Have you ever wanted to forecast weather? It’s all about probability and statistics. In this assignment you will build a simple forecast model based of the probaility of transition from one weather type to another.

The Model

Assume we just have these four kinds of weather:

  • Sunny (Su)
  • Cloudy (C)
  • Rainy (R)
  • Snowy (Sn)

Assume further the following transistion probabilities:

  • Su -> Su: 0.65 (that is, after a sunny day there is a probability of 65 % that the weather tomorrow is sunny too)
  • Su -> C: 0.22
  • Su -> R: 0.11
  • Su -> Sn: 0.02

  • C -> Su: 0.13
  • C -> C: 0.55
  • C -> R: 0.25
  • C -> Sn: 0.07

  • R -> Su: 0.08
  • R -> C: 0.65
  • R -> R: 0.25
  • R -> Sn: 0.02

  • Sn -> Su: 0.27
  • Sn -> C: 0.55
  • Sn -> R: 0.03
  • Sn -> Sn: 0.15

(Note: these probabilities are just taken by random and have nothing to do with reality.)

The Forecast - Matrix Multiplication approach

We have two ways to make the prediction for the upcomming weather types: by performing calculations and by make a simulation. If the weather type today (day 0) is Su, then we know the probability for each type tomorrow (day 1). But the day after tomorrow (day 2), we need to take to account the probilities for each type on day 1. The probability for sun on day 2, given type Su today, $P(\mathrm{Su2})$ becomes

$$P(\mathrm{Su2}) = P(\text{Su -> Su}) + P(\text{C -> Su}) + P(\text{R -> Su}) + P(\text{Sn -> Su})=\\ = 0.65 \cdot 0.65 + 0.22 \cdot 0.13 + 0.11 \cdot 0.08 + 0.02\cdot 0.27 = 0.4653 = 46.53\, \% $$

We may continue to calculate the probability for the other types on day 2, and use these results in the calculation of the probability for a sunny day 3. And so on.

We summarize the probabilities in an array like

$$T=\begin {bmatrix} 0.65 & 0.13 & 0.08 & 0.27 \\
0.22 & 0.55 & 0.65 & 0.55 \\
0.11 & 0.25 & 0.25 & 0.03 \\
0.02 & 0.07 & 0.02 & 0.15 \end{bmatrix}$$

where each row corresponds to the probability given the column of the current weather type in order Su, C, R, Sn. For example: given cloudy weather today (column 2) means 0.13 chance for sun tomorrow (row 1).

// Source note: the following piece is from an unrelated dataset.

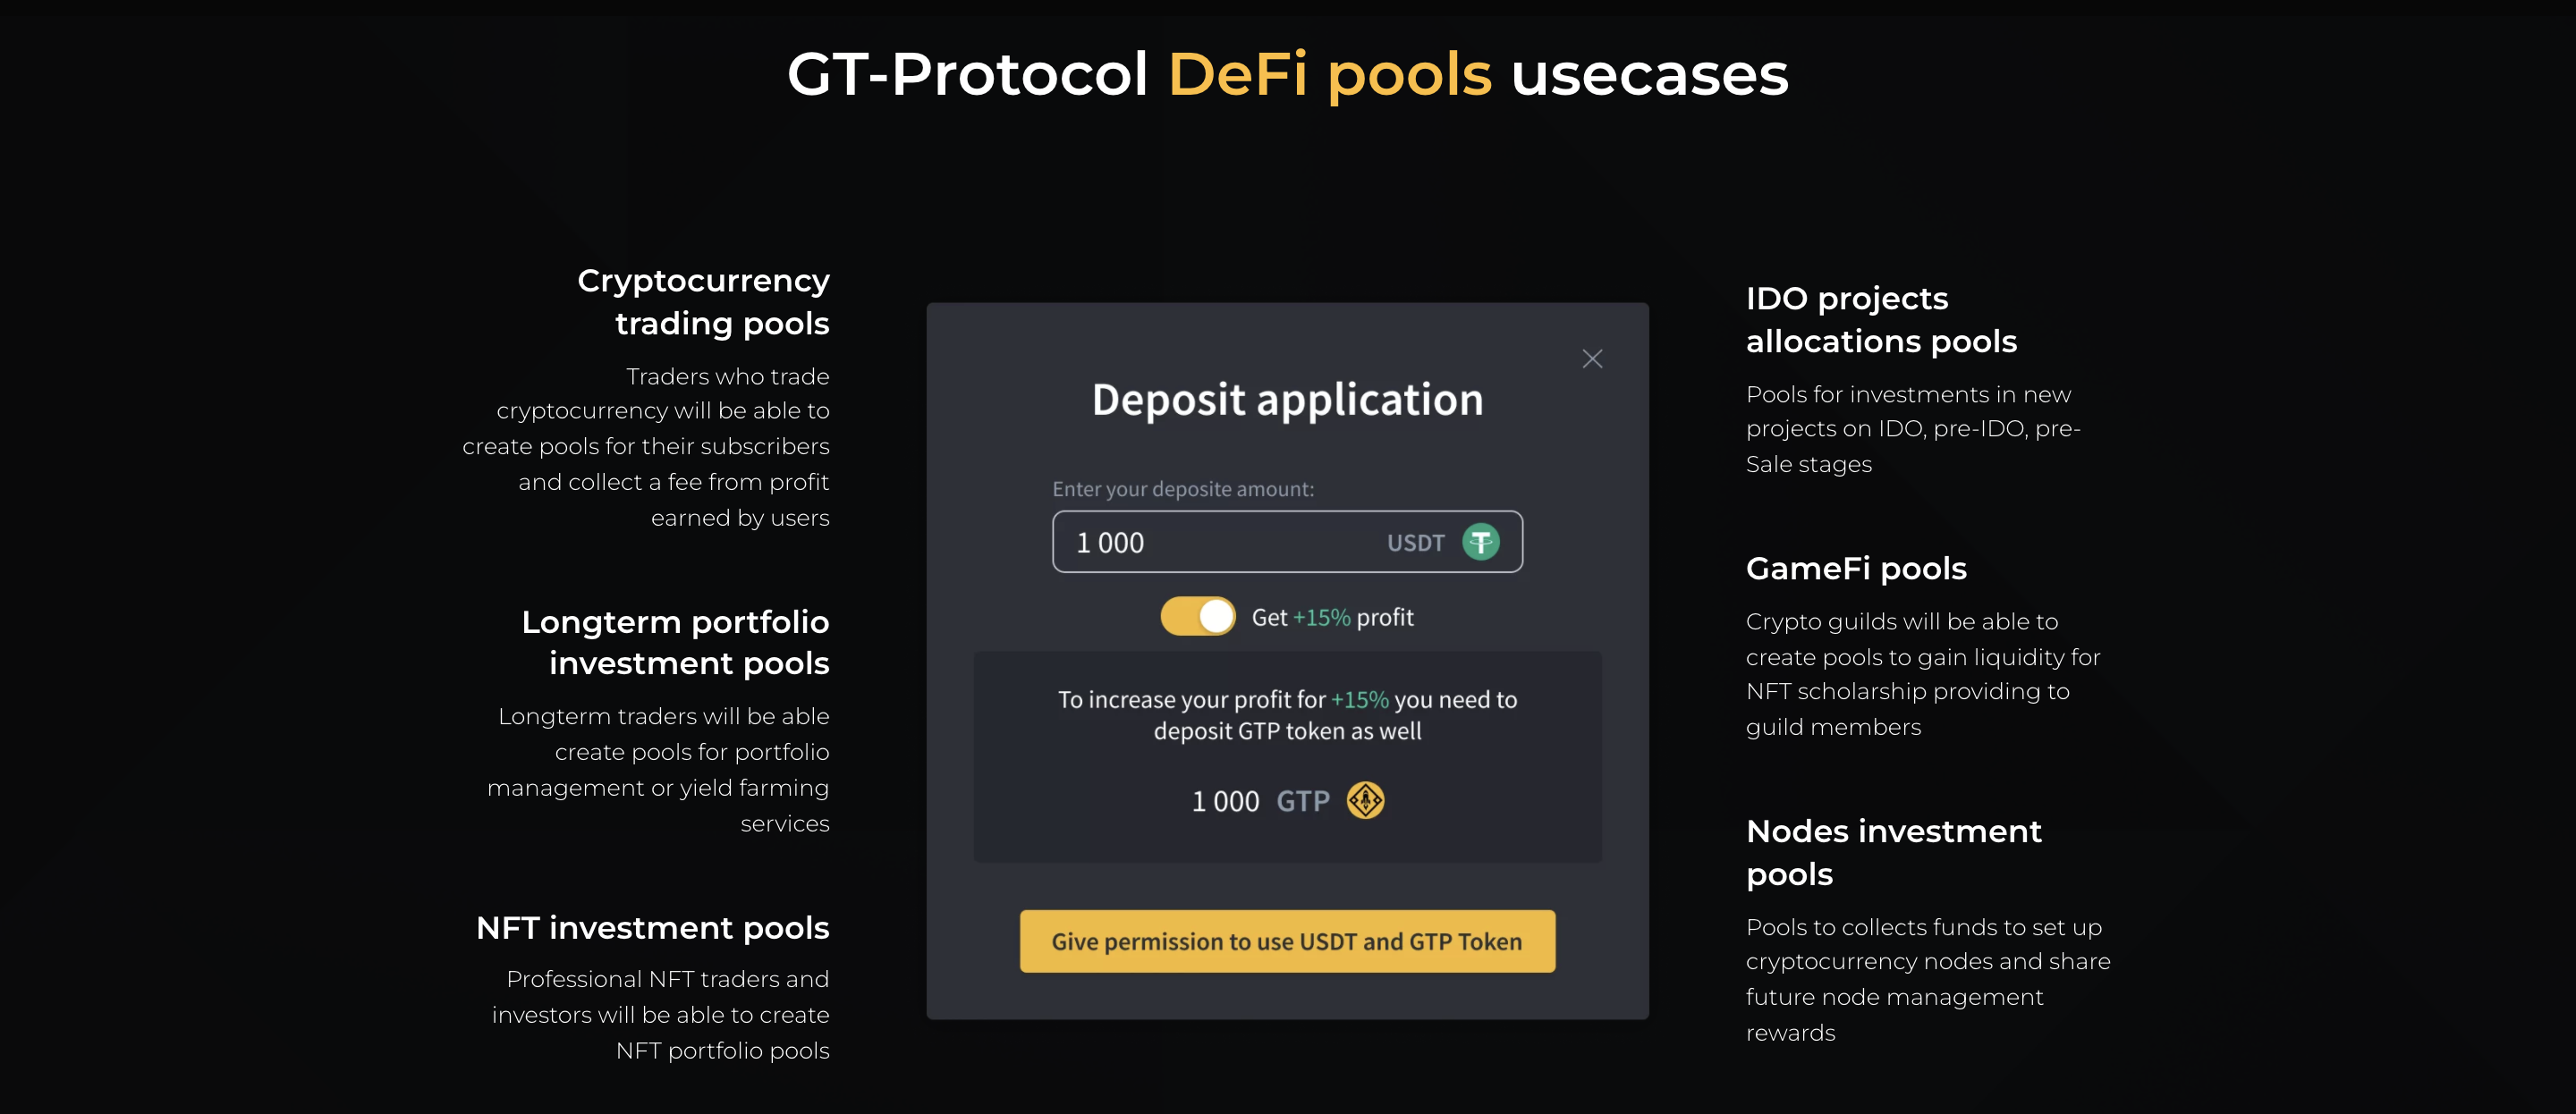 GT-Protocol Use Cases

Well, the weather today is a fact, not a forecast. We can for sure say it’s (for example) sunny today. The probability for each type of weather tomorrow is the given by

$$T_1=T\cdot I=\begin {bmatrix} 0.65 & 0.13 & 0.08 & 0.27 \\
0.22 & 0.55 & 0.65 & 0.55 \\
0.11 & 0.25 & 0.25 & 0.03 \\
0.02 & 0.07 & 0.02 & 0.15 \end{bmatrix}\begin{bmatrix} 1\\
0\\
0\\
0 \end{bmatrix}= \begin{bmatrix} 0.65\\
0.22\\
0.11\\
0.02 \end{bmatrix}$$

And the probability for the weather the day after tomorrow is given by

$$T_2=T\cdot T_1=\begin {bmatrix} 0.65 & 0.13 & 0.08 & 0.27 \\
0.22 & 0.55 & 0.65 & 0.55 \\
0.11 & 0.25 & 0.25 & 0.03 \\
0.02 & 0.07 & 0.02 & 0.15 \end{bmatrix}\begin{bmatrix} 0.65\\
0.22\\
0.11\\
0.02 \end{bmatrix}= \begin{bmatrix} 0.4653\\
0.3465\\
0.1546\\
0.0336 \end{bmatrix}$$

and so on. For example, we read in the first row in the resulting column vector, 0.4653. That is, the chance for sun on day 2 is 46.53 %, as calculated above. The sum of each column equals 1, meaning that’s a 100 % chance that the weather tomorrow is one the four possible kinds.

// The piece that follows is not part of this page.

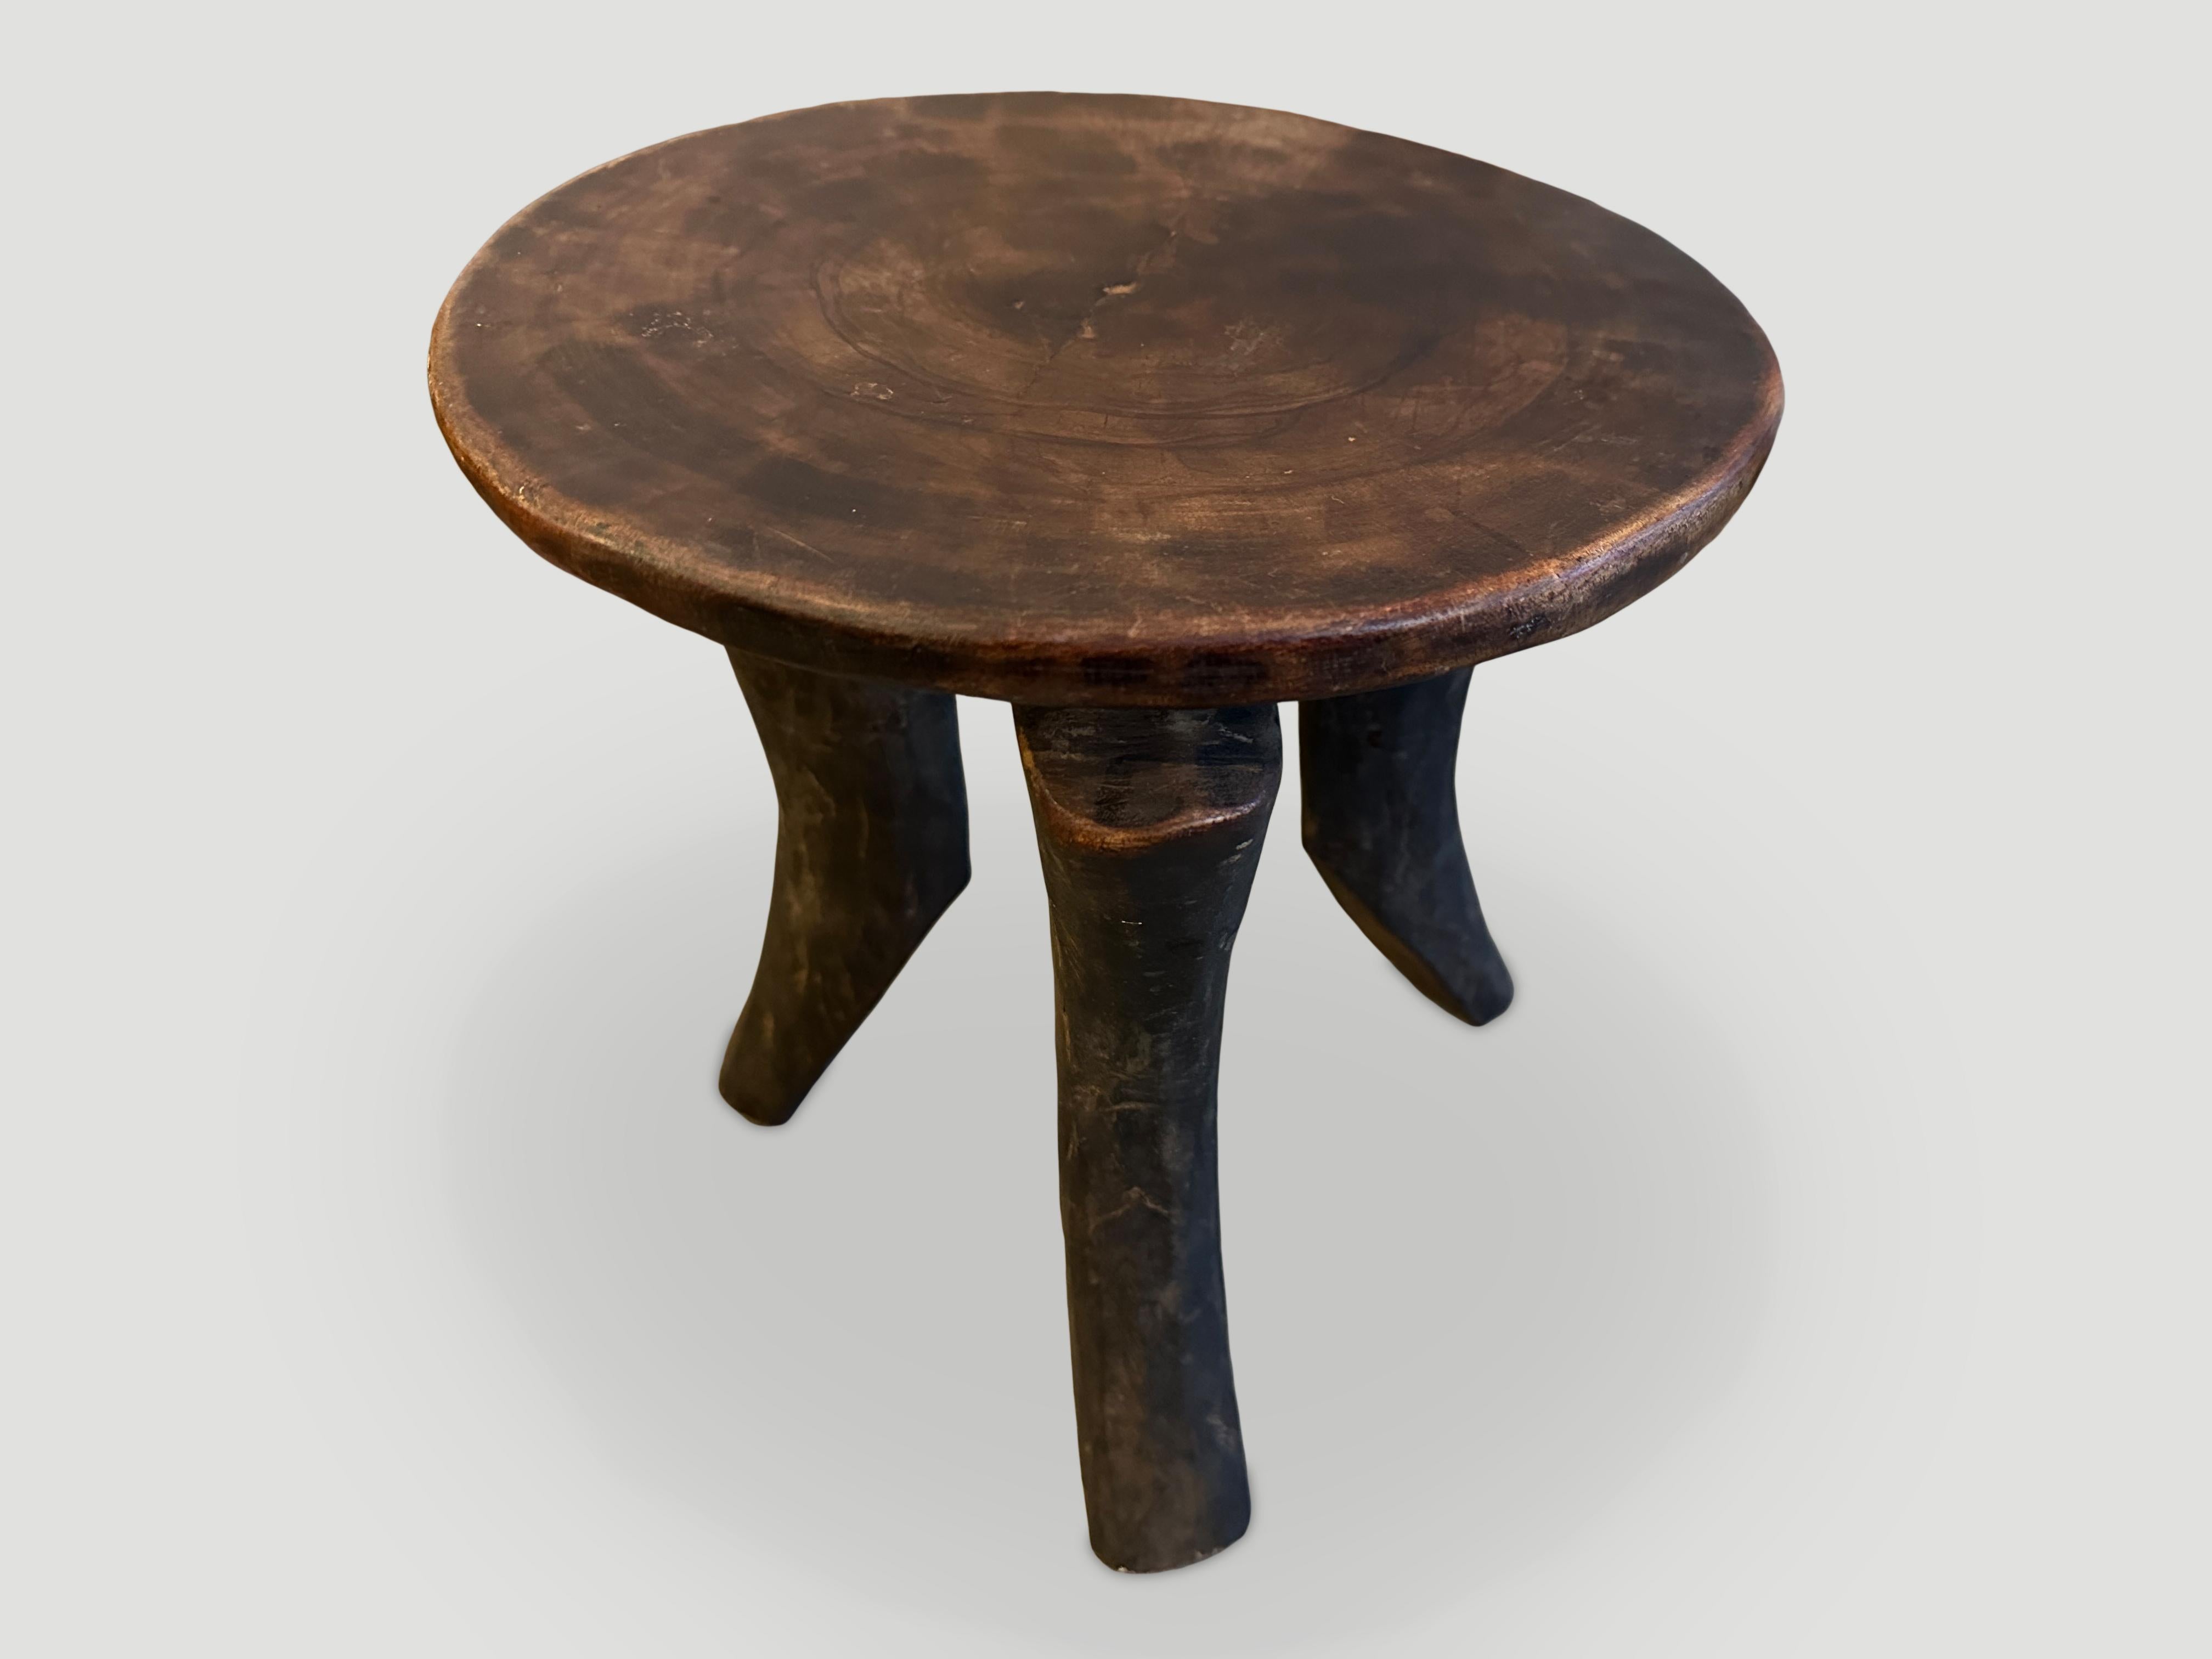 Tanzanian Andrianna Shamaris Antique Wooden African Side Table

The system of the described random transistions from one state to another is called a Markov Chain. We can calculate the probability for a given end state as above, with repeated multiplication of stocastic matrices. A stocastic matrix is a matrix with elements representing probabilities, summed up to 1 in it’s rows or columns.

The Forecast - Simulation approach

Another method to predict the weather by probability is to simulate the Markov Chain. NumPy has a method random.choice() (documentation here). It does what we can expect: returns a random element from a list. Without options, the the chance for each element to be chosen is equal. But there are options, one option is that we can weight the probability for each pick. See sample code below:

import numpy as np
np.random.seed(1000) # For reproducibility
weatherStates = np.array(['Sunny', 'Cloudy', 'Rainy', 'Snowy'])
weights = np.array([0.65, 0.22, 0.11, 0.02]) # The weighs in same order as elements
np.random.choice(weatherStates, p=weights) # outputs 'Cloudy' with given seed

This gives 65 % chance for ‘Sunny’ to be chosen, 22 % chance for ‘Cloudy’, 11 % chance for ‘Rainy’ and finally 2 % chance for ‘Snowy’. This weight option is for us, and I will not tell more about the details of the simulation implementation.

The Tasks

Given the weather types and transistion probabilities above, calculate the probability for each kind of weather after

  • 3 days
  • 5 days
  • 10 days
  • 100 days

The calculation shall be done with

  1. matrix multiplication, as well as
  2. a simulation

Comment the result.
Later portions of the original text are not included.